Perform cosine similarity against the entire corpus.

In [21]:
from sklearn.metrics.pairwise import cosine_similarity

similar_docs = cosine_similarity(count_vectors, question_vec)
print(similar_docs)

most_similar_doc_index = similar_docs.argmax()
most_similar_doc = docs[most_similar_doc_index]

print('Question: ', question)
print('Match: ', most_similar_doc)

[[0.23570226]
 [0.12451456]
 [0.24743583]
 [0.4330127 ]
 [0.12909944]
 [0.16012815]
 [0.        ]
 [0.        ]
 [0.1490712 ]
 [0.27216553]
 [0.        ]
 [0.        ]
 [0.24077171]
 [0.14002801]
 [0.        ]
 [0.09128709]]
Question:  What is algorithmic bias?
Match:  The study of algorithmic bias is most concerned with algorithms that reflect "systematic and unfair" discrimination.


Not a bad result, but the first sentence of the corpus is probably a better match.
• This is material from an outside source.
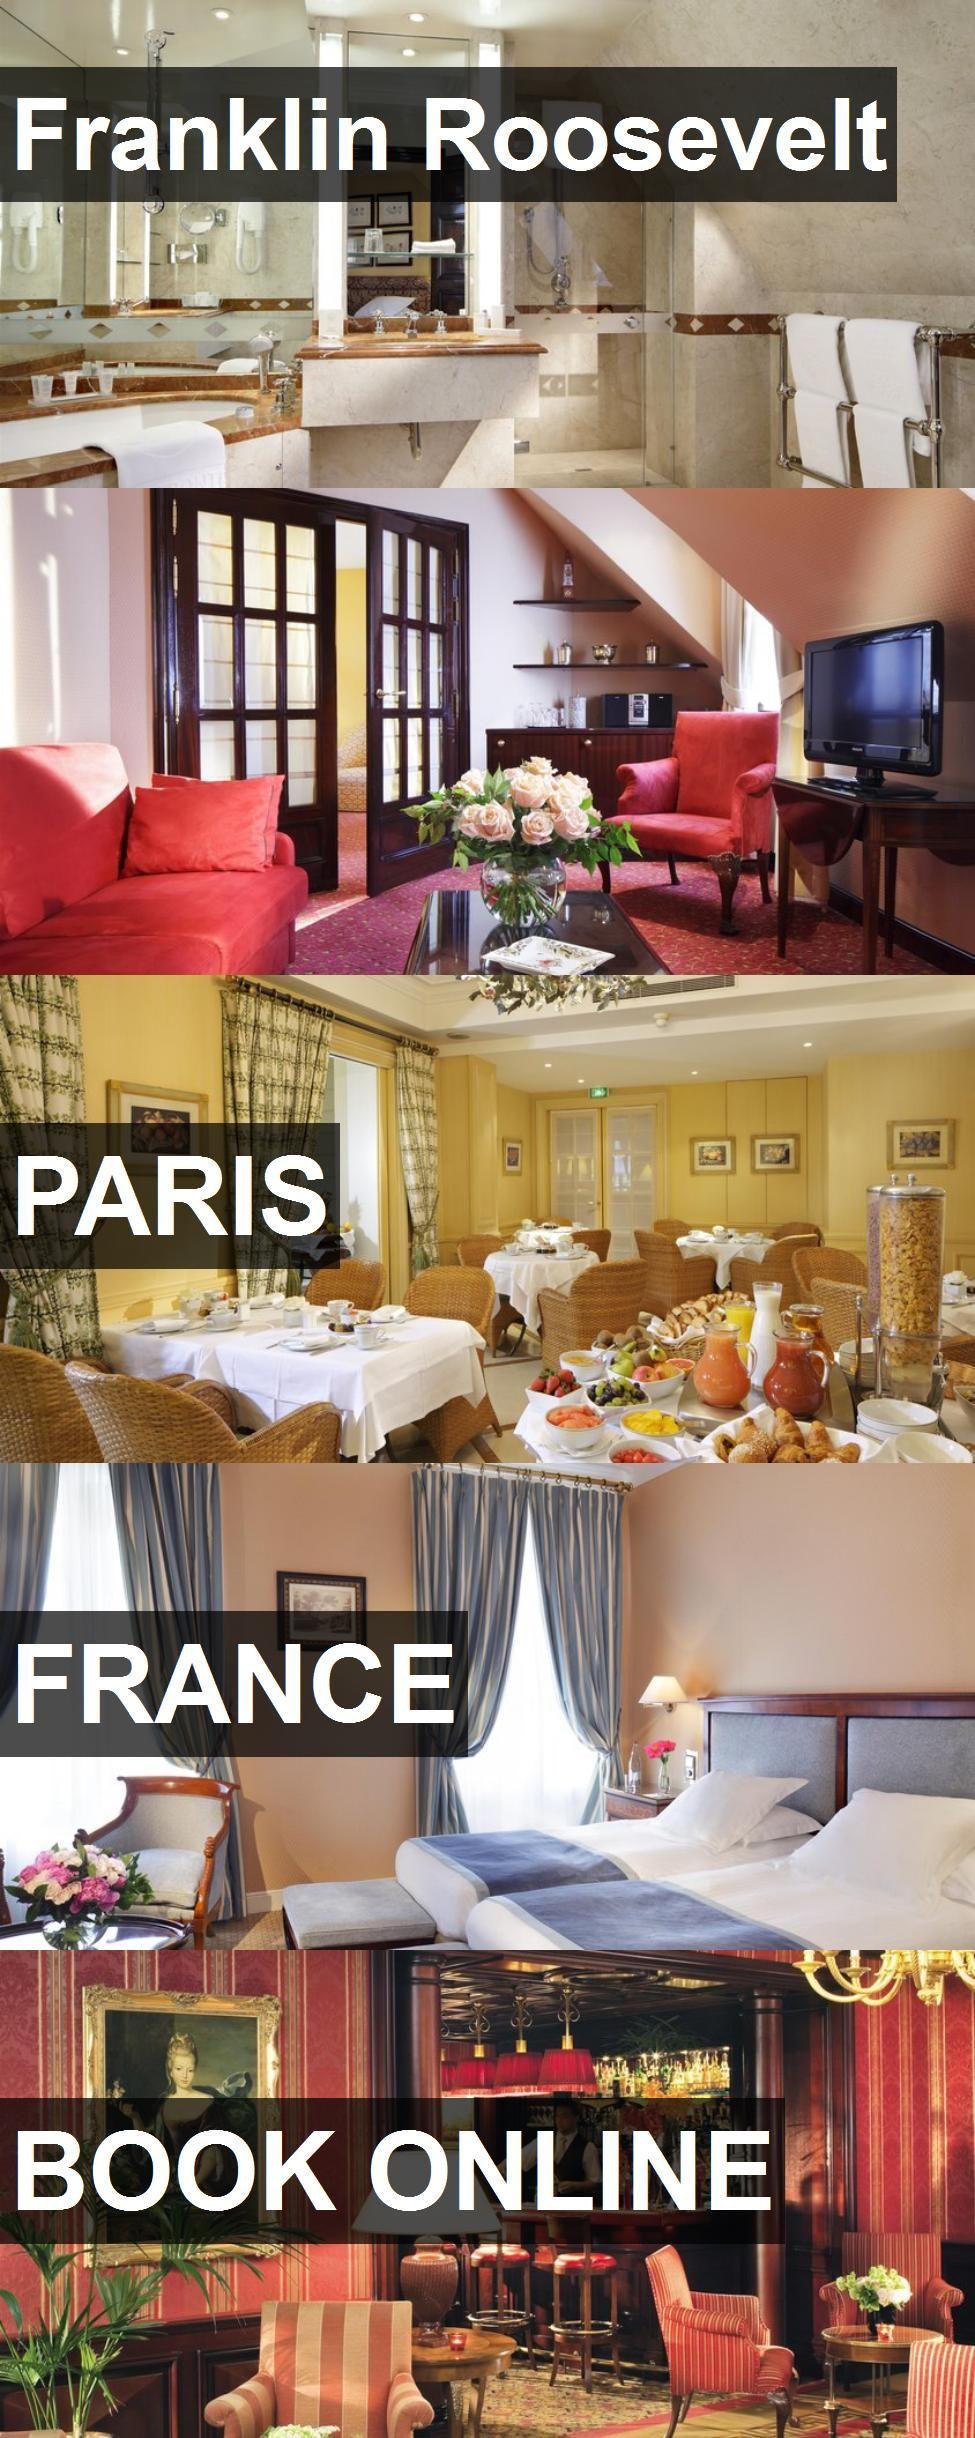 Hotel Franklin Roosevelt In Paris, France. For More

Let's see how n-grams can help improve the precision.

# 2-grams

In [31]:
ngram_vectorizer = CountVectorizer(ngram_range=(1, 2))
ngram_vectors = ngram_vectorizer.fit_transform(corpus)
ngram_vectors

<16x616 sparse matrix of type '<class 'numpy.int64'>'
	with 772 stored elements in Compressed Sparse Row format>

In [32]:
ngram_question_vec = ngram_vectorizer.transform([question])
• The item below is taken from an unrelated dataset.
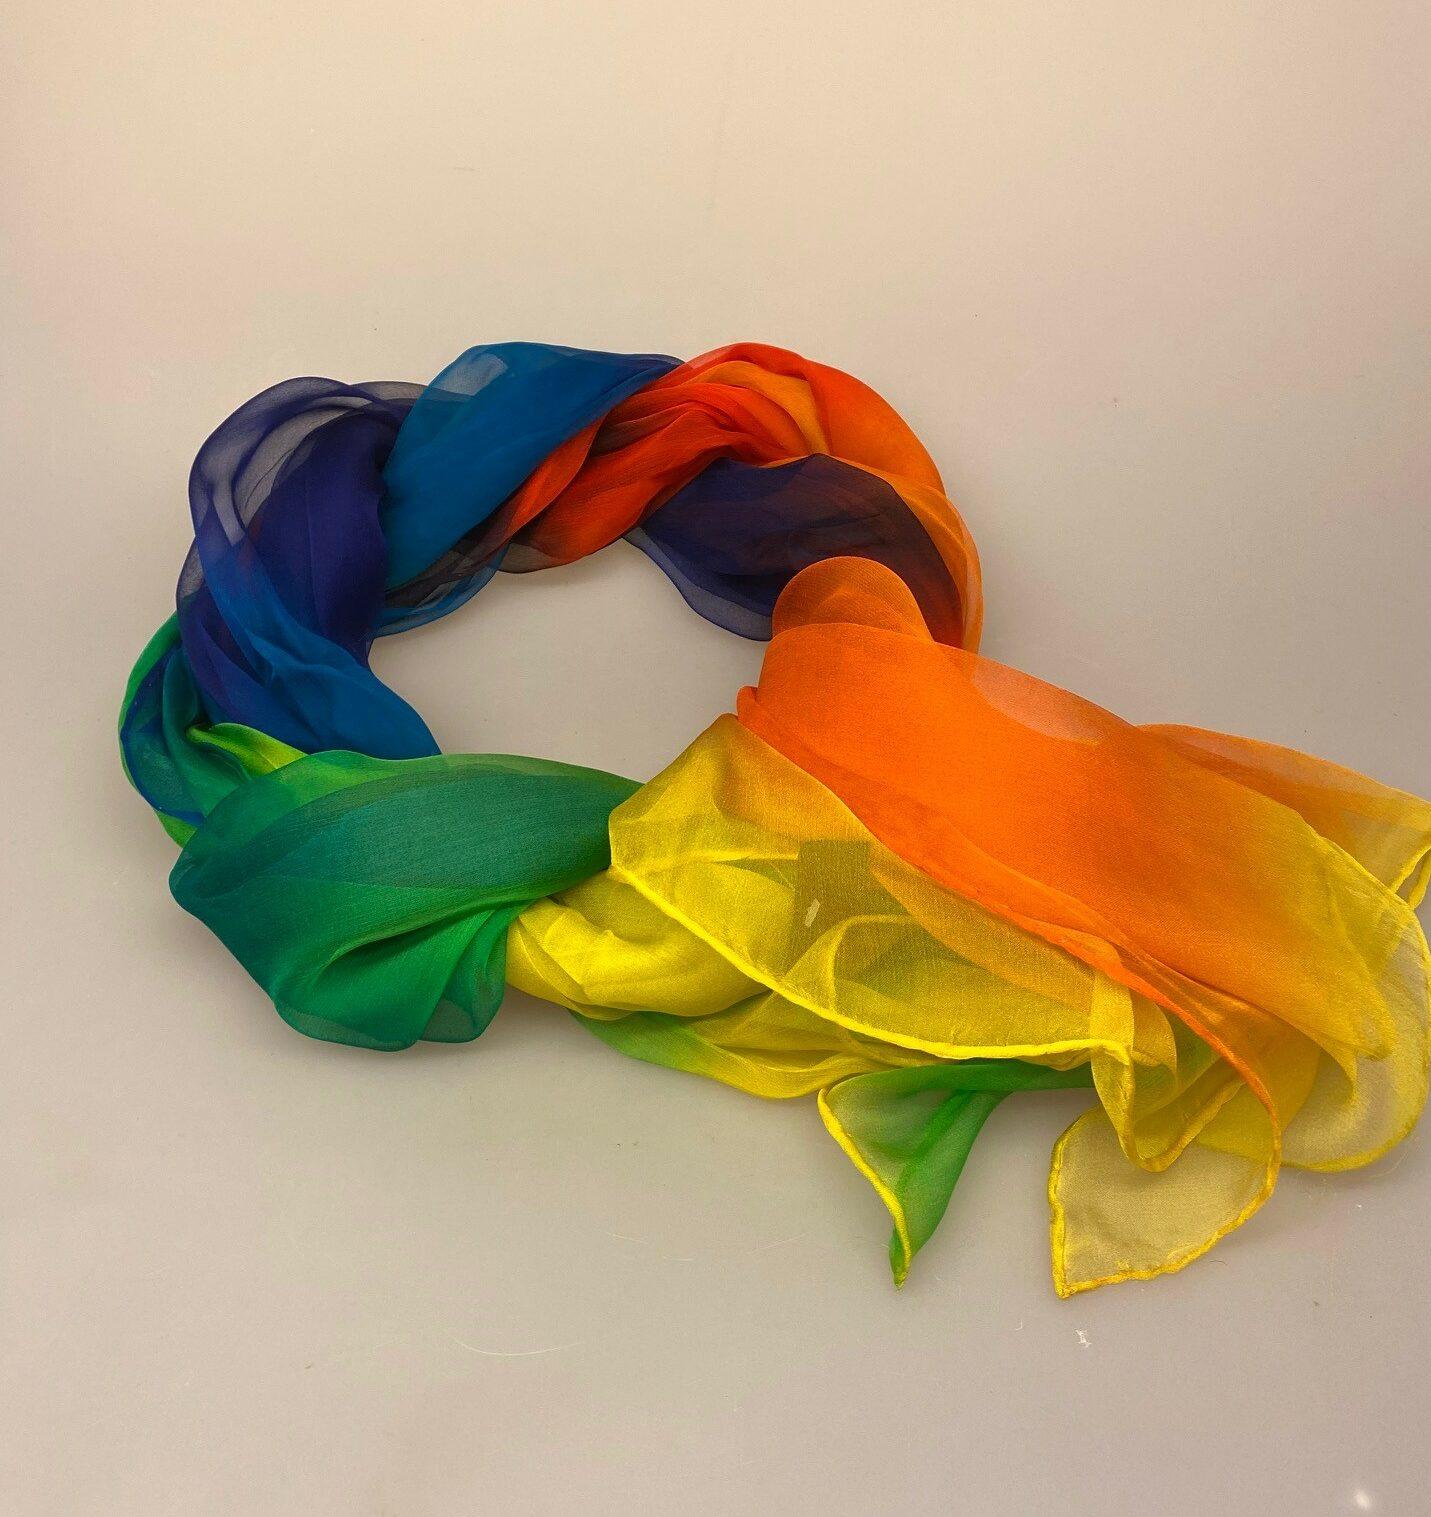 Silkechiffon 1163 XL - Regnbue, regnbuefarvet, pride, rainbow, alle farver, kulørt, stort, let, luksus, lækkert, smukt, ren, ægte, silke, 100%, silketørklæde, aflangt, stola, silkestola, festligt, kulørt, se min kjole, biti, ribe, håndrullede, kanter, kvalitet, fnuglet

similar_docs = cosine_similarity(ngram_vectors, ngram_question_vec)

most_similar_doc_index = similar_docs.argmax()
most_similar_doc = docs[most_similar_doc_index]

print('Question: ', question)
print('Match: ', most_similar_doc)

Question:  What is algorithmic bias?
Match:  The study of algorithmic bias is most concerned with algorithms that reflect "systematic and unfair" discrimination.